**Supplied records:**
+ + + +

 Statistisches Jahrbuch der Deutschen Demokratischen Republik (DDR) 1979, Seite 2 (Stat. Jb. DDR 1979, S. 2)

+ + + +

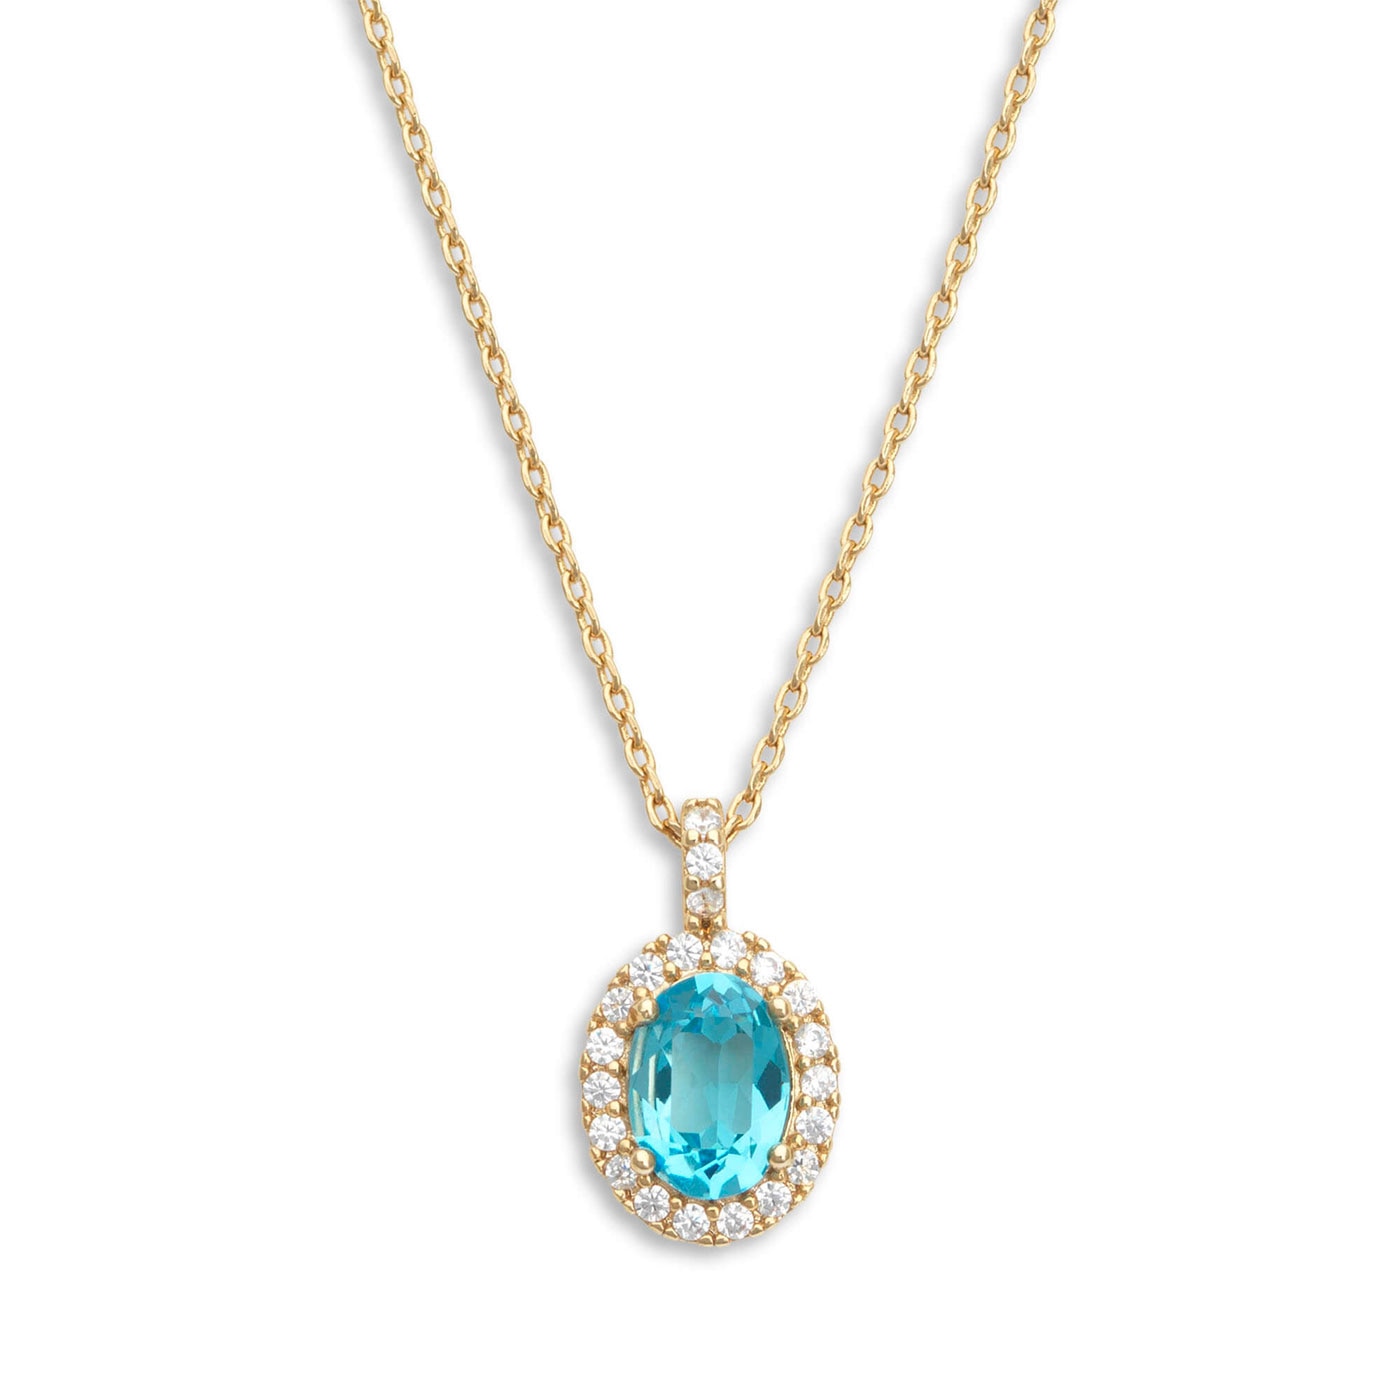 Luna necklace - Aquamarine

+ + + +

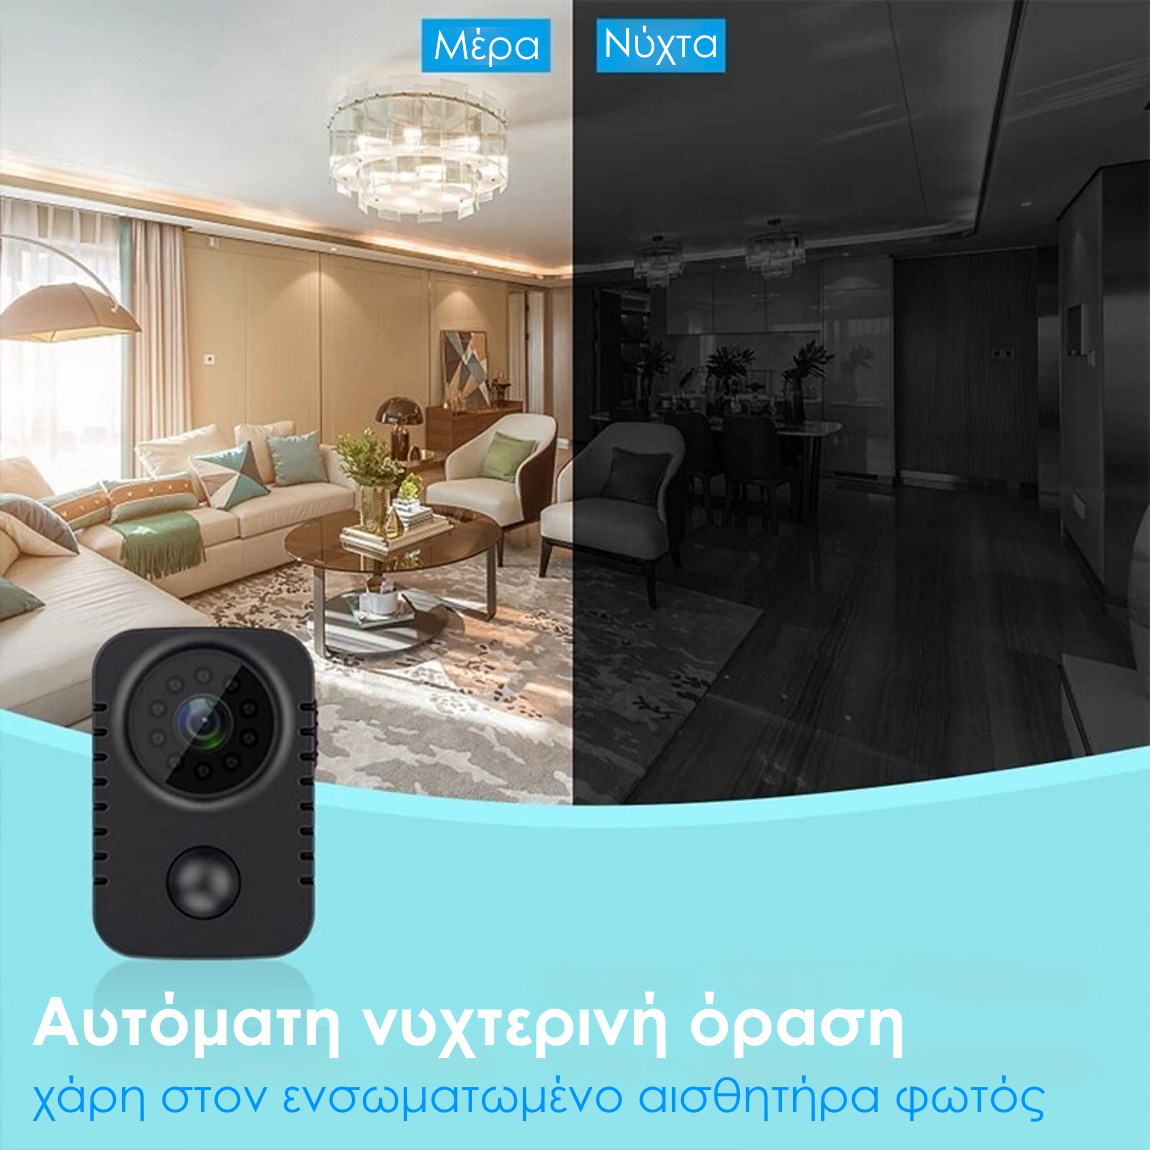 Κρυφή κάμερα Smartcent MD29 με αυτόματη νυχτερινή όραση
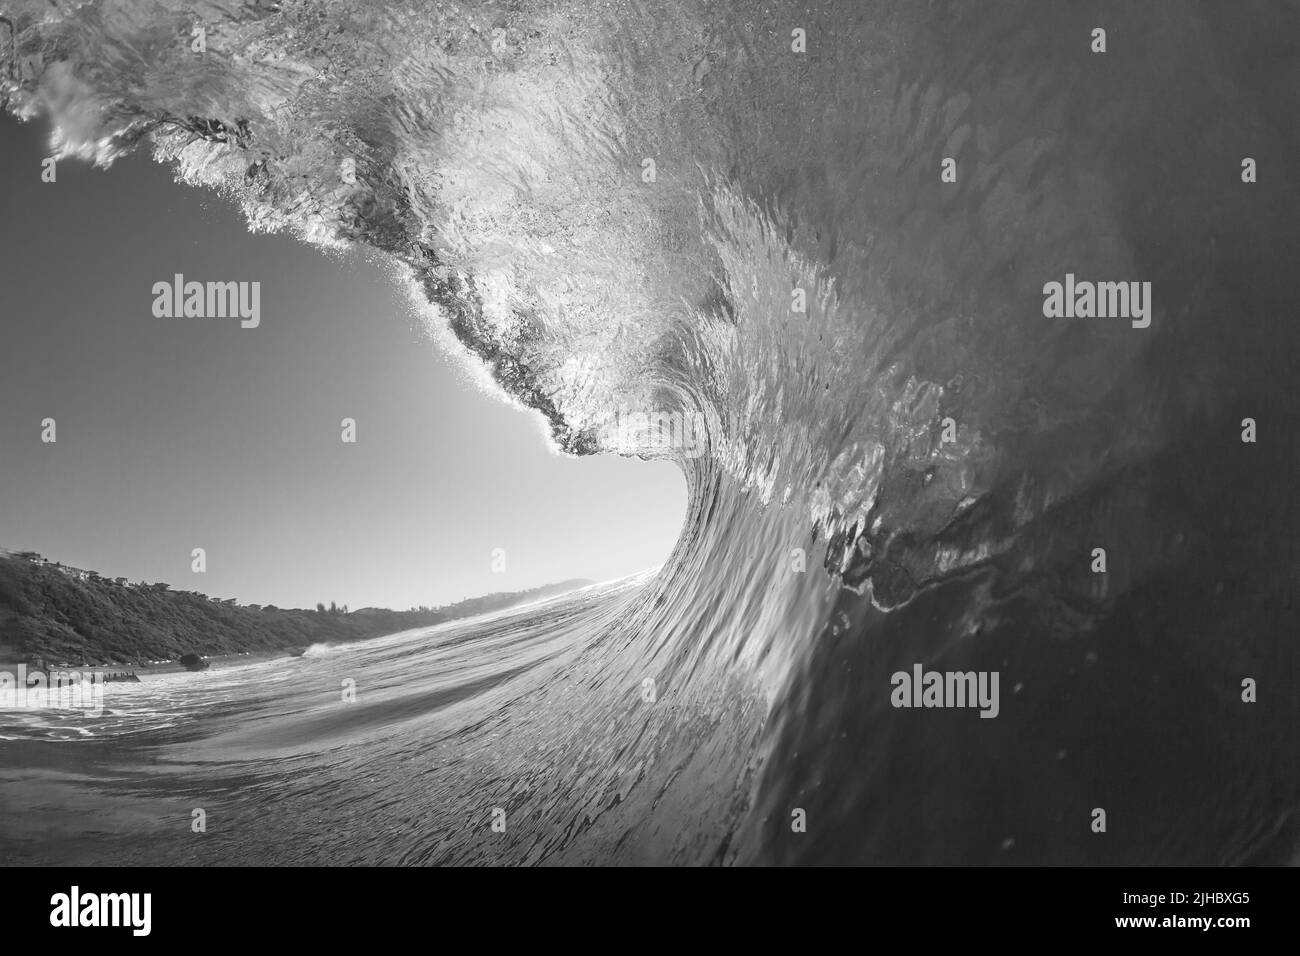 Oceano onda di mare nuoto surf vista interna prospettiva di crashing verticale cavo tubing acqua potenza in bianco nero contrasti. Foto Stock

+ + + +

**Task directions:** Find the line with "Κρυφή κάμερα Smartcent" in the data above, and from there retype each line exactly through the line with "Oceano onda di", skipping the pictures along the way.

**Solution to this problem:**
 Κρυφή κάμερα Smartcent MD29 με αυτόματη νυχτερινή όραση
 Oceano onda di mare nuoto surf vista interna prospettiva di crashing verticale cavo tubing acqua potenza in bianco nero contrasti. Foto Stock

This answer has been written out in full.